Итак, что же это за проблемы?

«СМЫСЛОУТРАТА» ПРИ СВЕТЕ СОВЕСТИ

Любопытно, что в заголовке вводной главы книги «В поисках утраченного смысла», основными персонажами которой являются Мальро, Камю и Сартр, ее автор использовал слова, вложенные Пушкиным в уста Сальери: «правды нет – и выше». Тем самым хотел С. Великовский или не хотел, но он бросил тень «сальеризма» на размышления французских писателей о «смерти бога» и «утрате смысла» существующего. Более того: таким образом идея «богоутраты», которой, согласно автору книги, одержимы эти писатели экзистенциальной ориентации, с самого начала была введена в контекст наших отечественных попыток эту «мысль разрешить». В пользу такого предположения говорит и тот факт, что книга начинается цитатой из «Войны и мира», где Пьер Безухов, которого Толстой также испытал искусом «смыслоутраты», размышляет о мире, который «завалился в его глазах», так что «остались одни бессмысленные развалины».

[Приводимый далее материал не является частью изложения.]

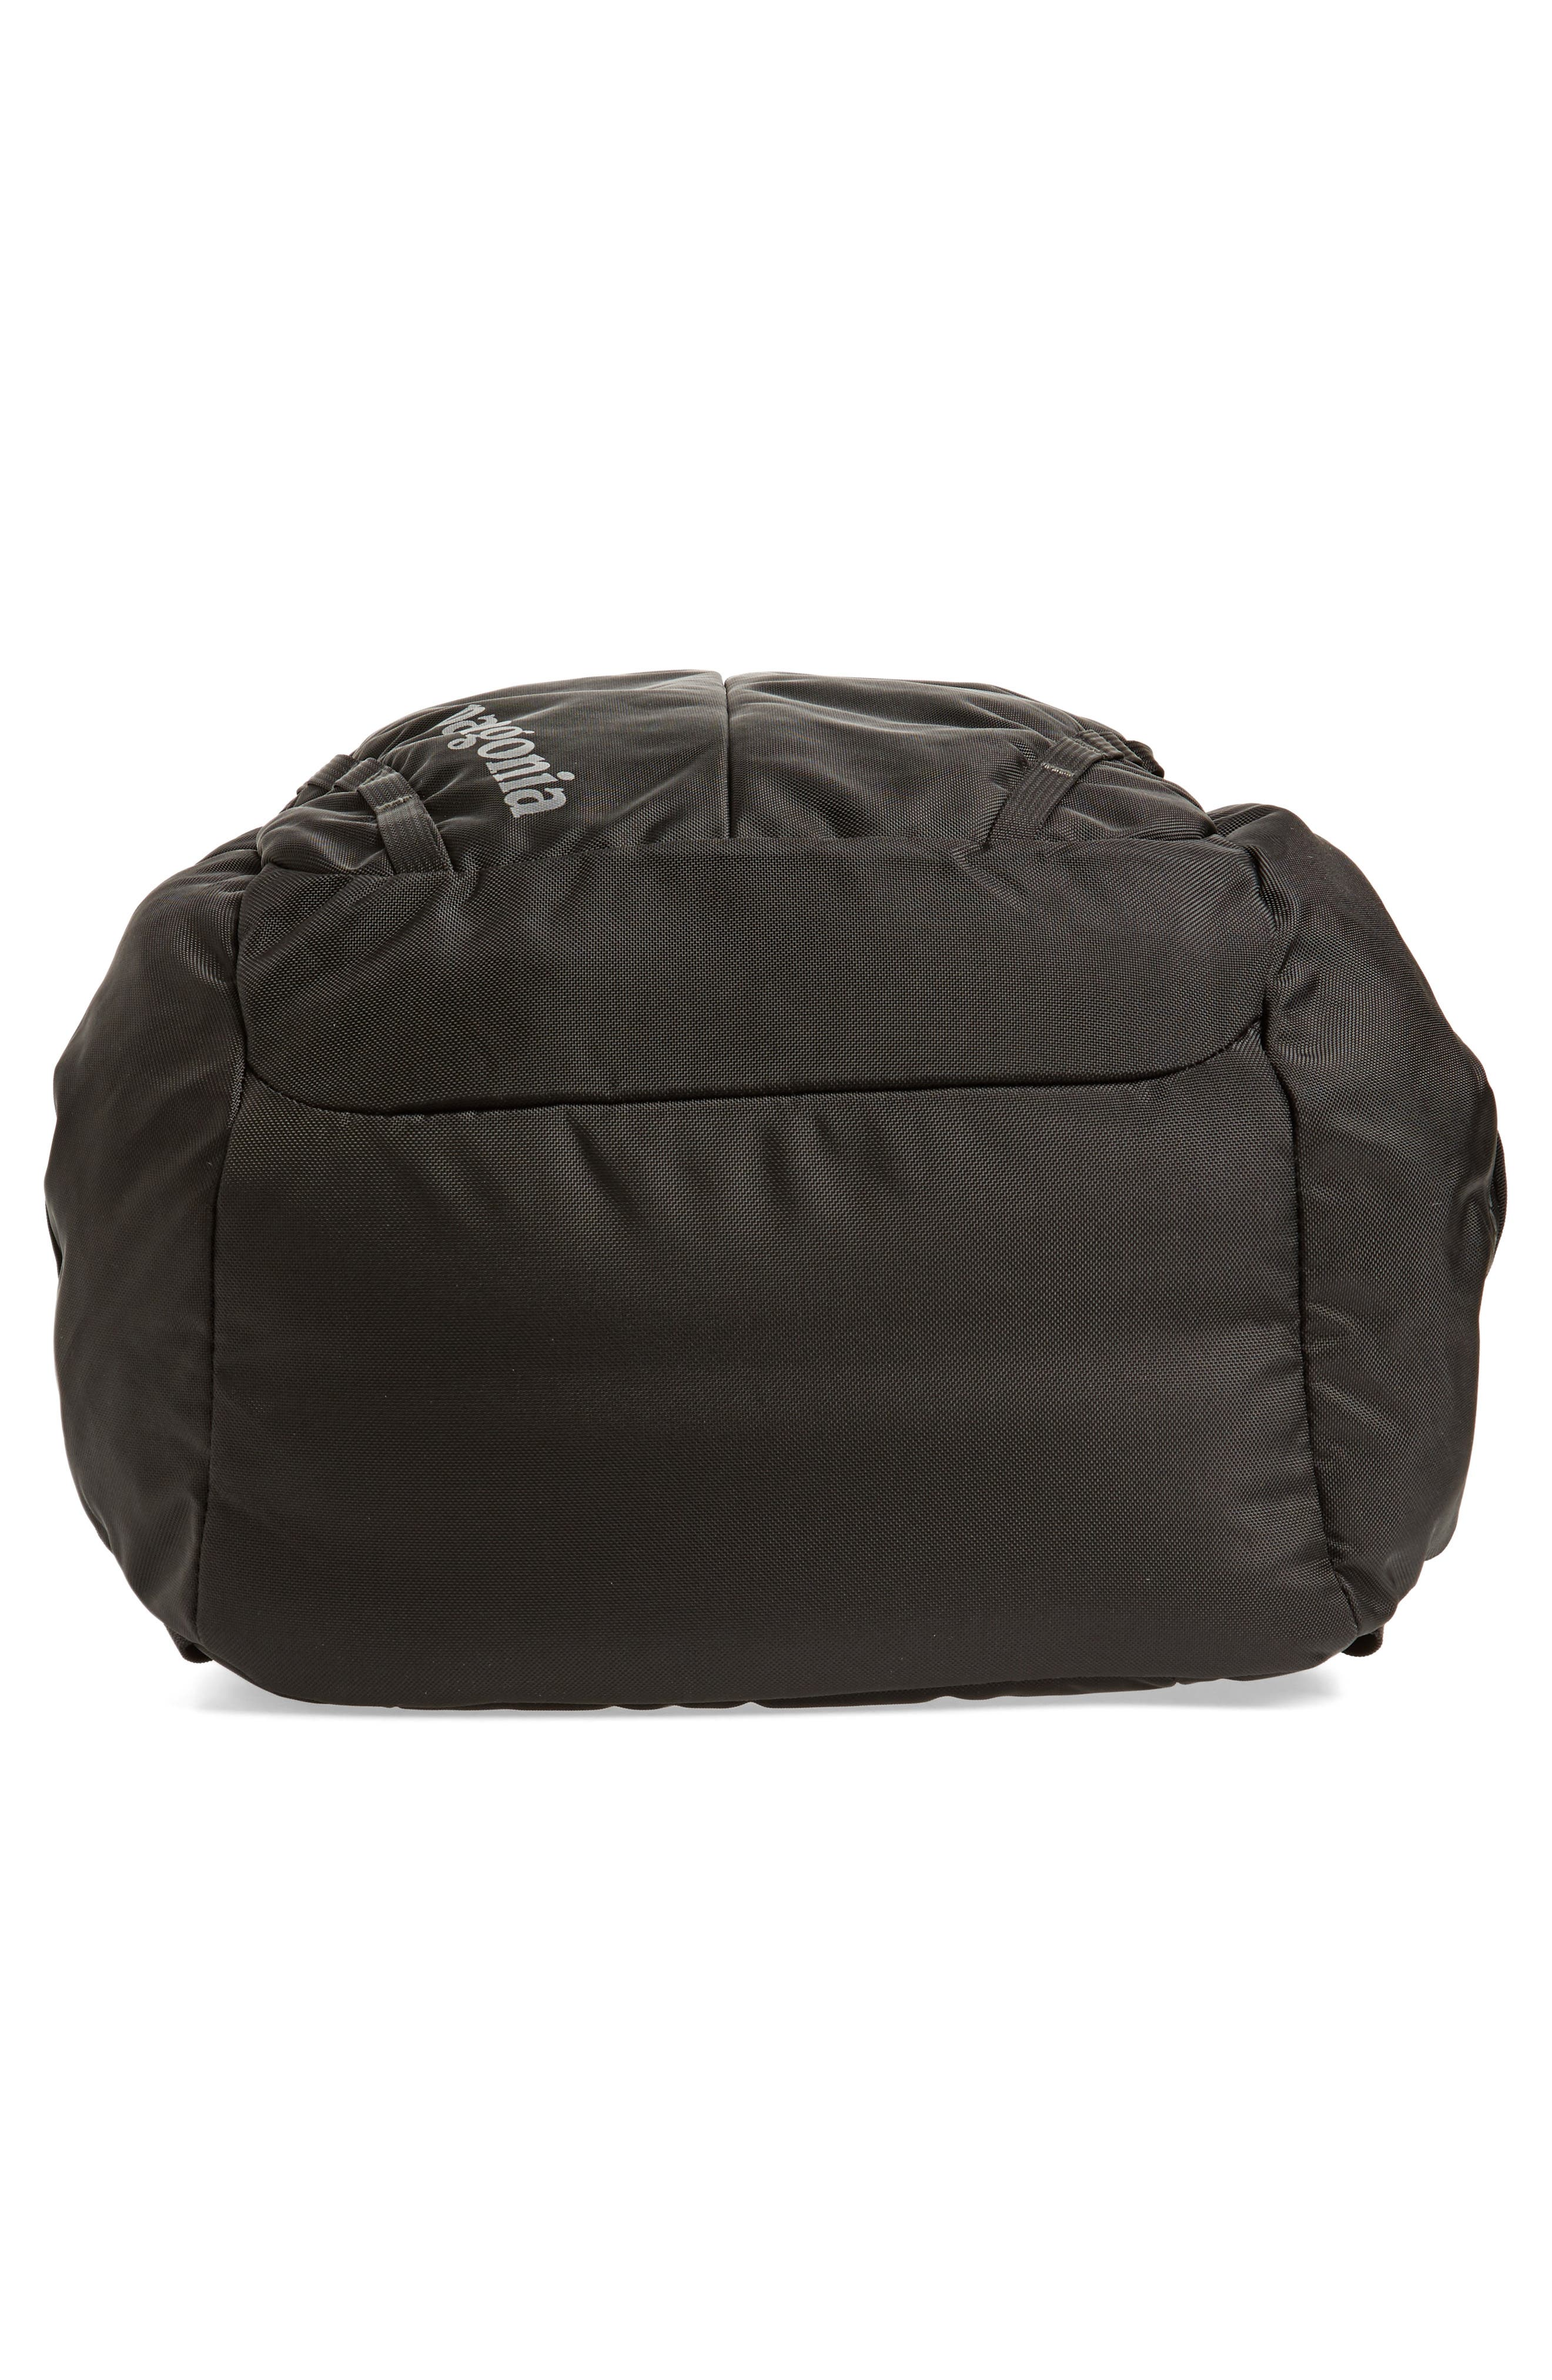 PATAGONIA, Refugio 28-Liter Backpack, Alternate thumbnail 7, color, 001

Вопреки переживанию открытия и даже откровения, которым сопровождалось у экзистенциально настроенных писателей обретение идеи отсутствия «высшей правды» и смысла существующего вообще, она была не так уж нова. Во всяком случае, уже автор «Моцарта и Сальери» не просто столкнулся с нею, но и попытался дать ей свое решение, исполненное как художественной ясности, так и философской глубины. Чем положил начало целой серии проникновенных художественных анализов психо- логики персонажей, утративших ощущение осмысленности земного существования перед лицом «молчащих небес». Причем гениальные эксперименты Достоевского с его Раскольниковыми, Шатовыми и Ставрогиными, на которые порой ссылаются сами французские экзистенциалисты, были, как видим, не единственными и не первыми, а скорее последними в этой серии.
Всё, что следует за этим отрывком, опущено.